In the listing below, print exactly the lines between the line holding "しっとり静かなピアノソロ/ジャズラウンジの未再生の波形" and the line holding "Galeria Kaufhof / Karstadt im Hintergrund", inclusive, and no more.

Data for this exercise —
++++

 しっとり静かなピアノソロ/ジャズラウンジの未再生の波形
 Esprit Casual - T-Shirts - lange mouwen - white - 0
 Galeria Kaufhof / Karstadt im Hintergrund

++++

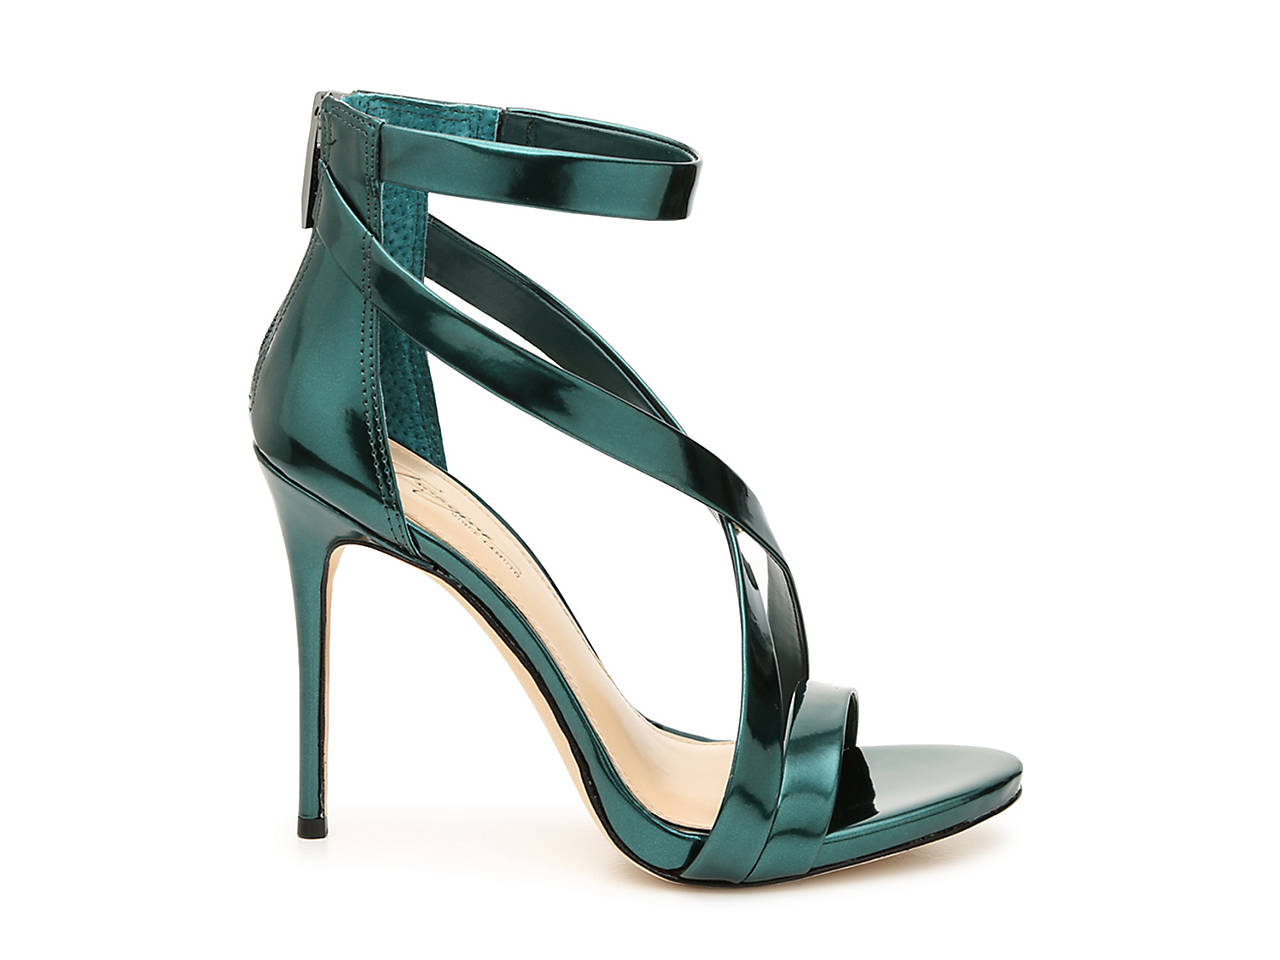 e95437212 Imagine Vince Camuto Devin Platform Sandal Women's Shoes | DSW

++++

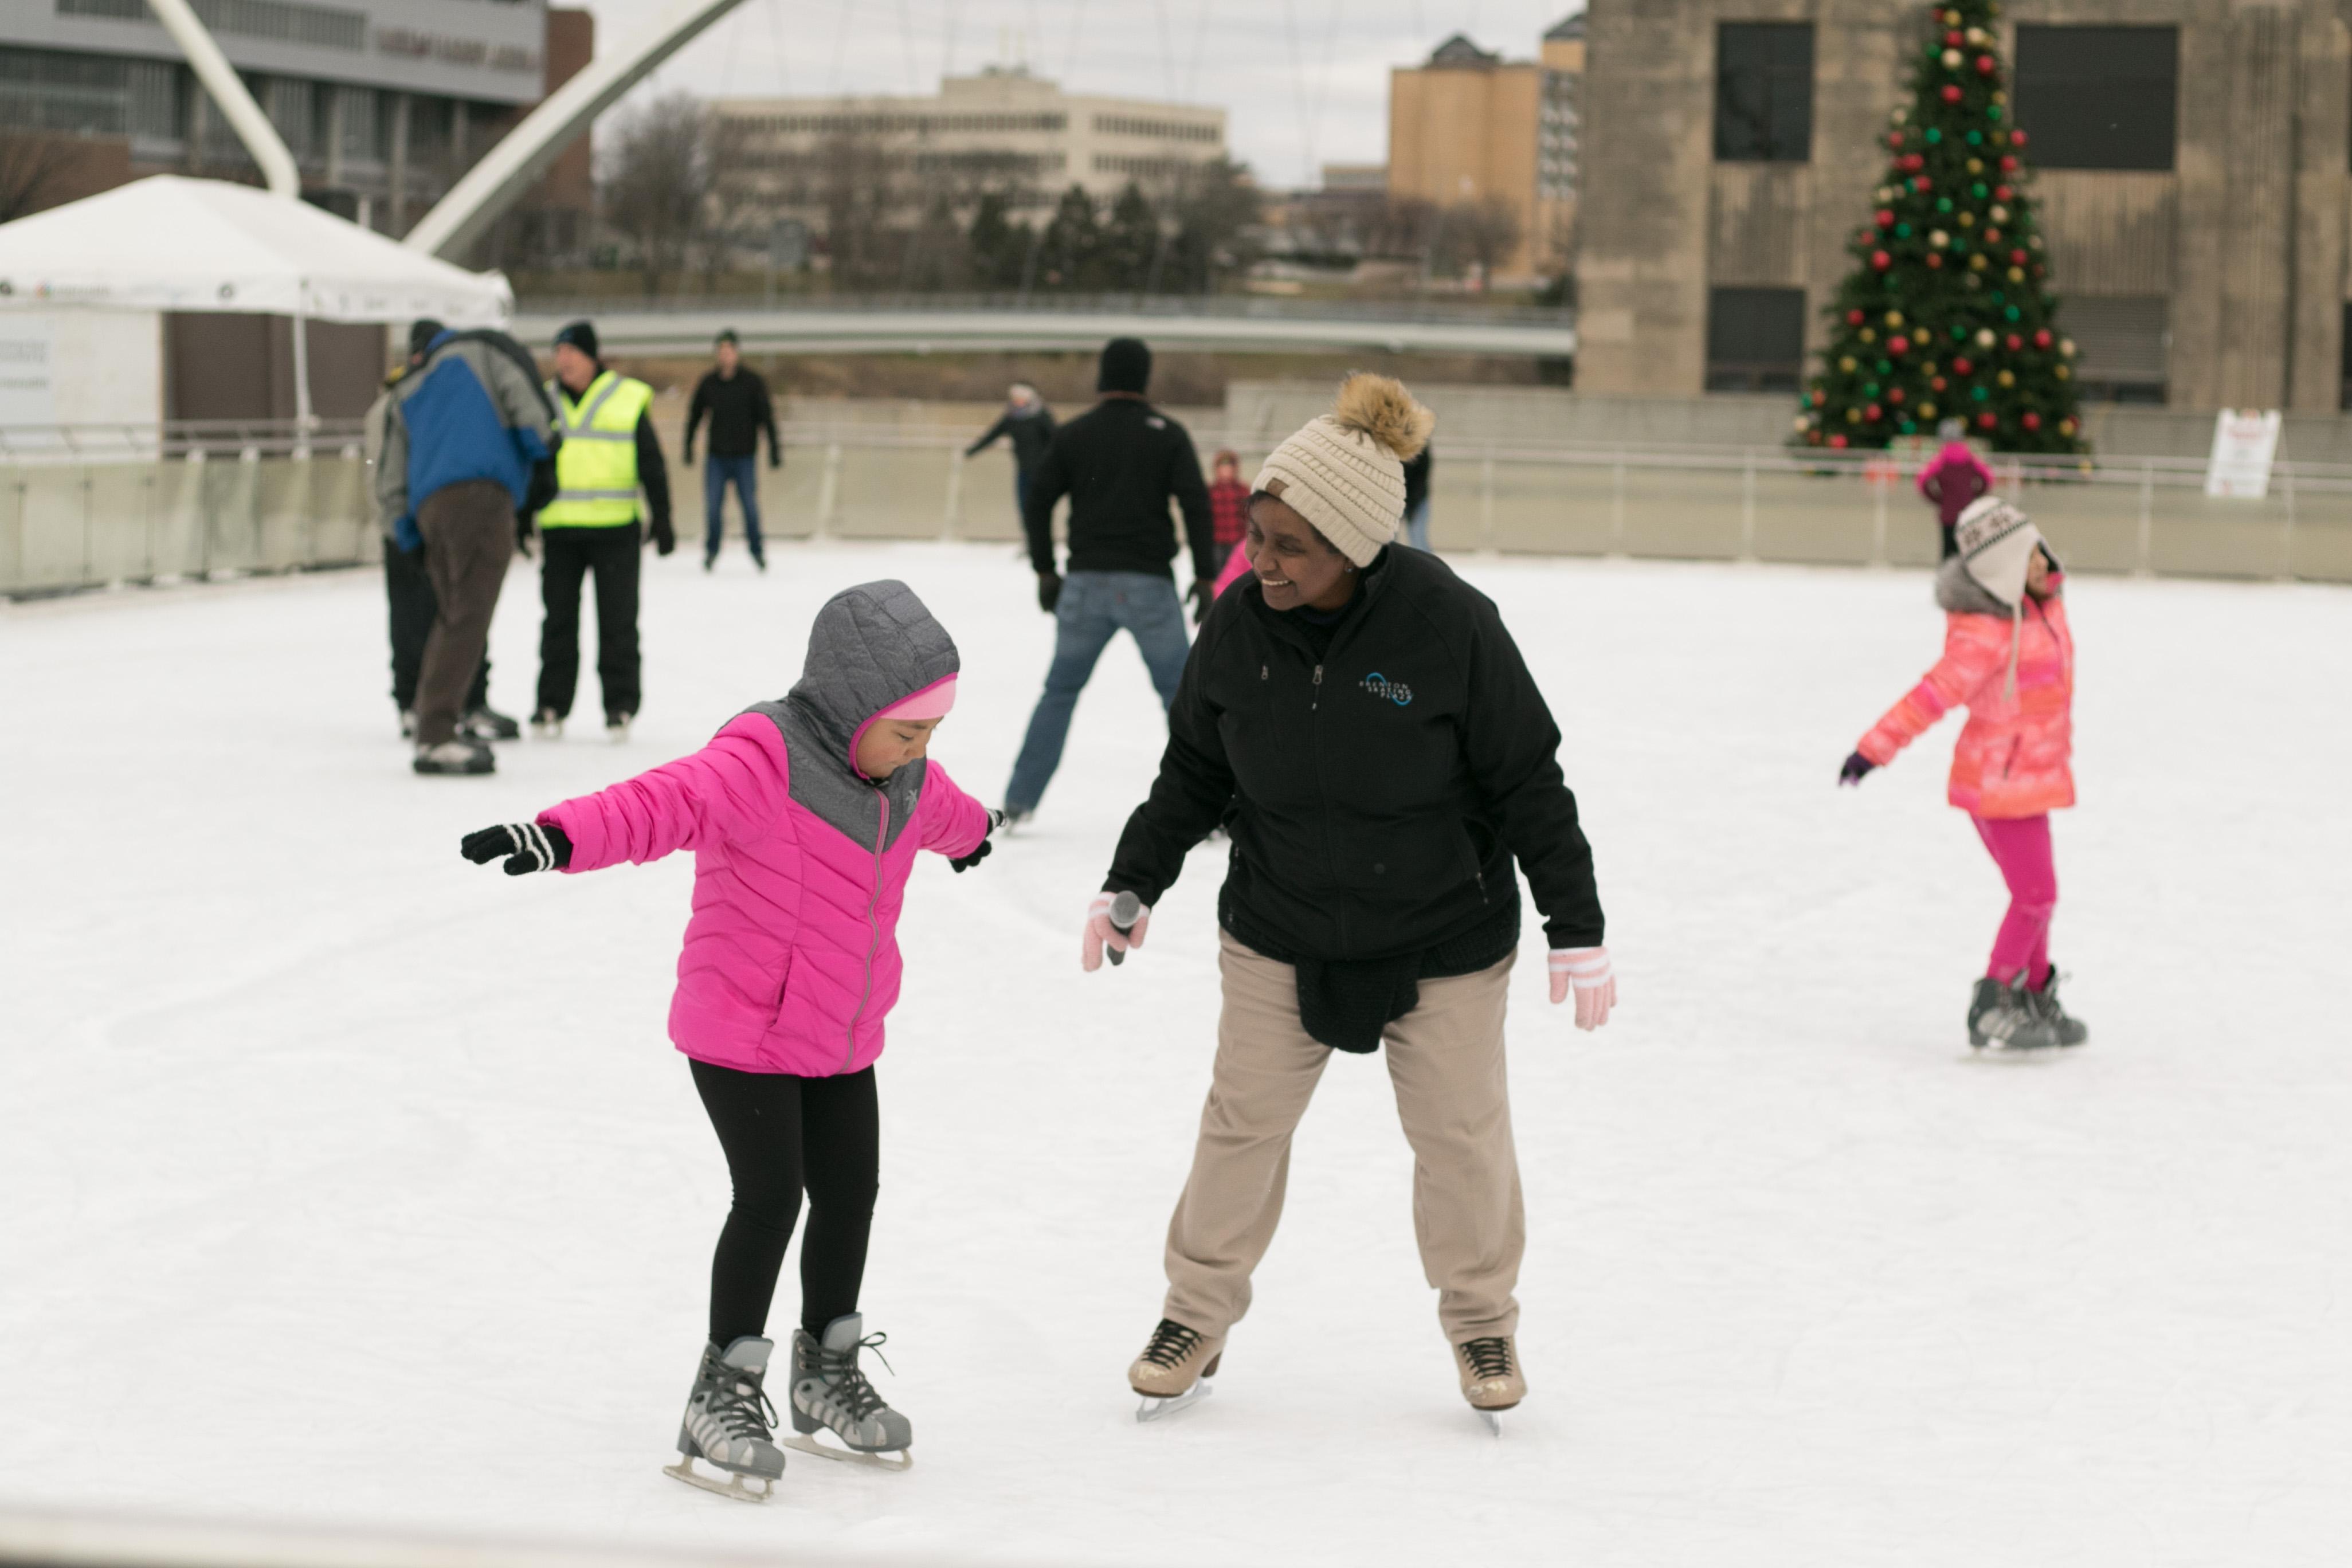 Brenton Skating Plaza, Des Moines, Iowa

++++

Answer section —
 しっとり静かなピアノソロ/ジャズラウンジの未再生の波形
 Esprit Casual - T-Shirts - lange mouwen - white - 0
 Galeria Kaufhof / Karstadt im Hintergrund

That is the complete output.